Shareholder Loan Repayments
Please be aware that the repayment of shareholder loans may be taxable income to the shareholder. Shareholder loans allow corporate losses to be deducted on the shareholder's individual return after the stock basis has been reduced to zero. When this occurs, the shareholder's basis in the debt is reduced to the extent the corporate losses are deducted. If the debt basis is not restored before repayments begin, the shareholder may recognize capital gain if the loan is a formal note or ordinary gain if the loan is an open account. A formal note is evidenced by a written instrument. An open account loan is made up of shareholder advances that are not evidenced by a written instrument and repayments on those advances.
Action Item: Please contact us before you begin repayment of shareholder loans so we can assist you in determining if a gain could result from the repayment.
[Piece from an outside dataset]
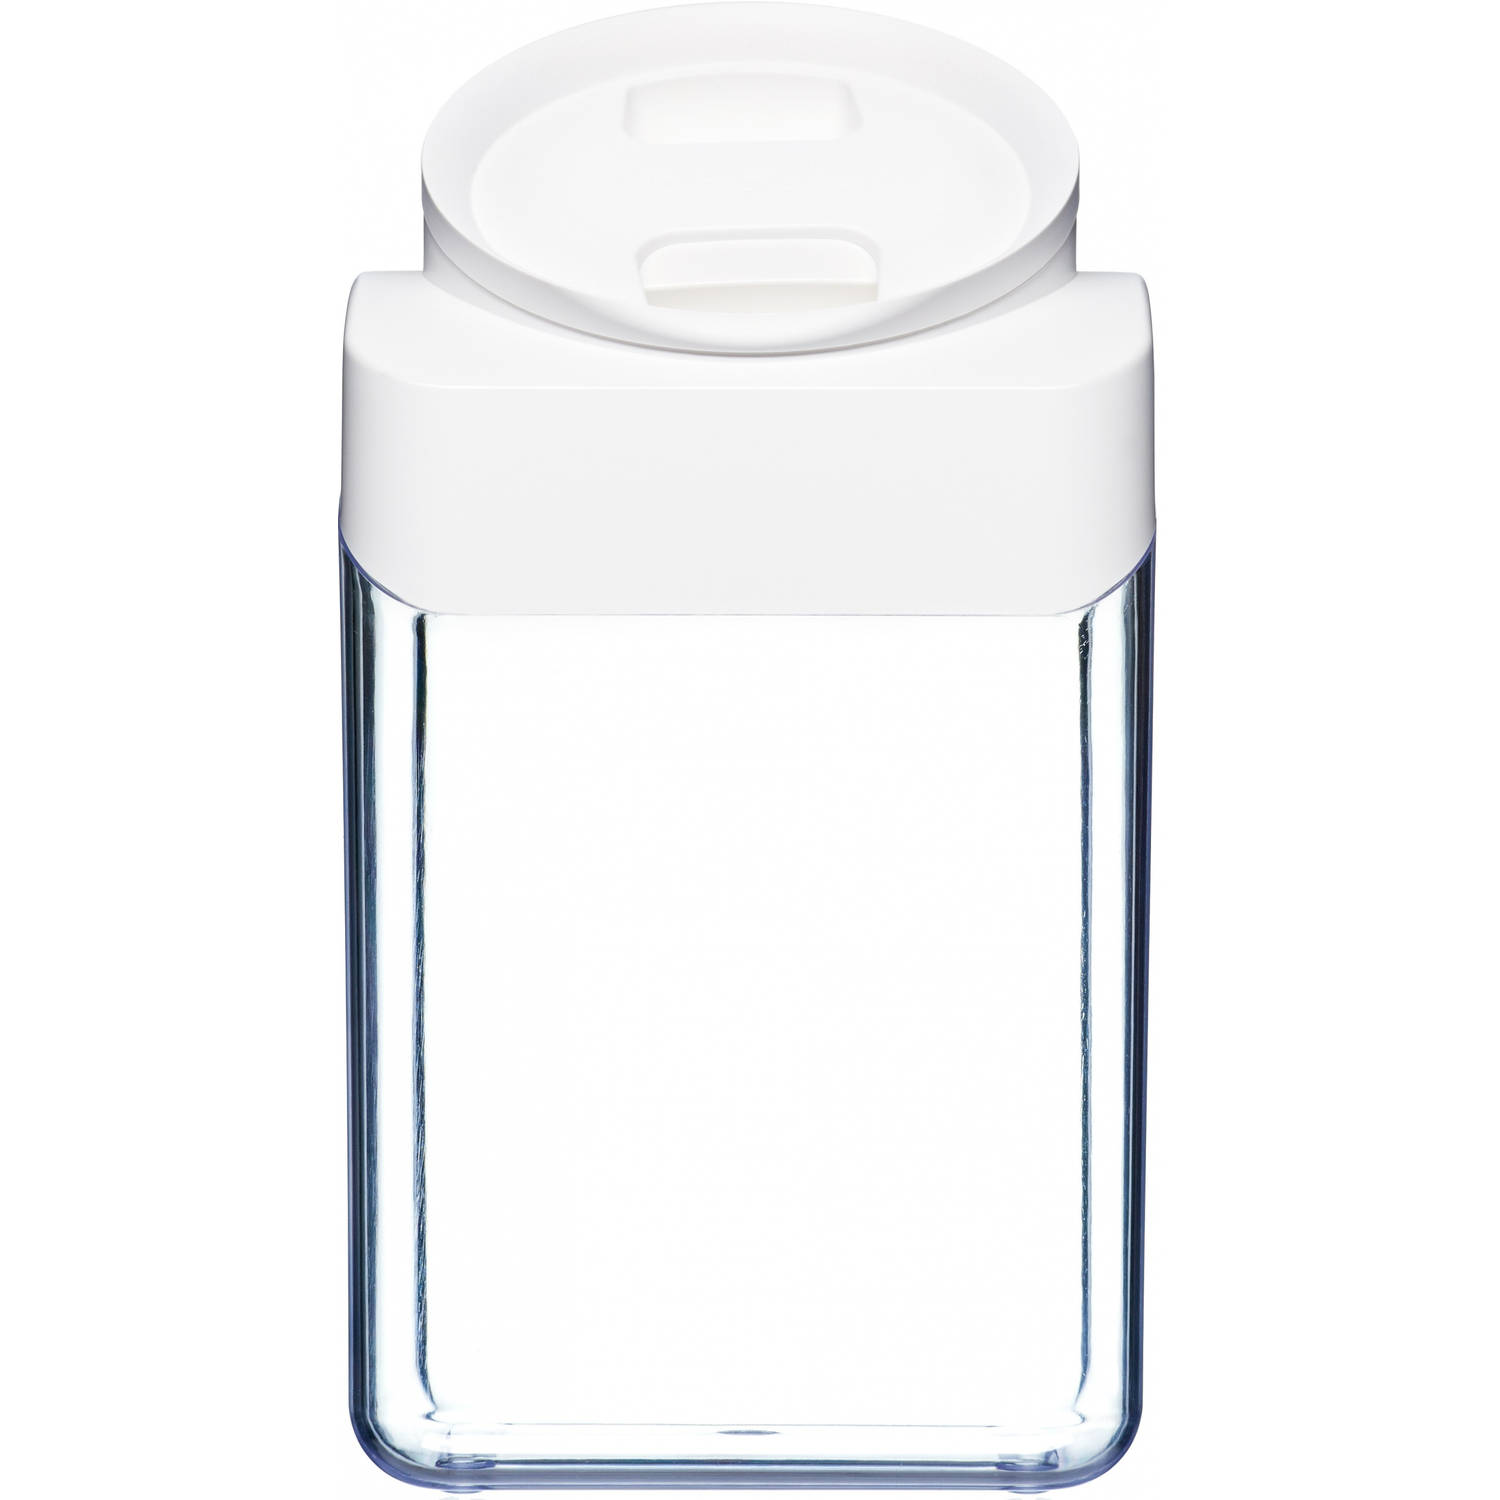 ClickClack vershoudbox Pantry Round 4,2 liter polycarbonaat wit

When a shareholder/employee uses a home office as a place of business for an S corporation, there are various ways to handle the expenses, but most result in little benefit to the homeowner. If the corporation pays rent to the employee, the rent is deductible by the corporation and income to the employee, but there is no opportunity for deducting offsetting expenses. If the employee is required to maintain the office for the convenience of the employer, the expenses are deductible, but most or all of the benefit may be lost as these are itemized deductions, reduced by 2% of adjusted gross income. Recent court cases have disallowed deduction of unreimbursed expenses of a shareholder/employee on Schedule E.
Following is a suggestion that may maximize the tax benefit of home office deductions. A shareholder-employee can calculate home office expenses as if an employee, and then, by written pre-arrangement with the corporation, have the corporation reimburse the shareholder for costs of the home office after they are substantiated in full (amount, time, place, and business purpose of each expense). Assuming the shareholder-employee could have claimed the expenses as business deductions if paid out of pocket, the reimbursement for the expenses is fully deductible by the corporation and is a tax-free accountable-plan reimbursement to the employee. However, the shareholder employee must reduce the itemized deductions for mortgage interest and property tax by the business-related portion if the corporation gives the shareholder a tax-free accountable-plan reimbursement for these items. Otherwise, there would be a double tax benefit-a deduction and tax-free reimbursement-for the same expense.
Action Item: Fully substantiate the shareholder's cost of their home office, prepare a written agreement, and provide corporate reimbursement for these costs.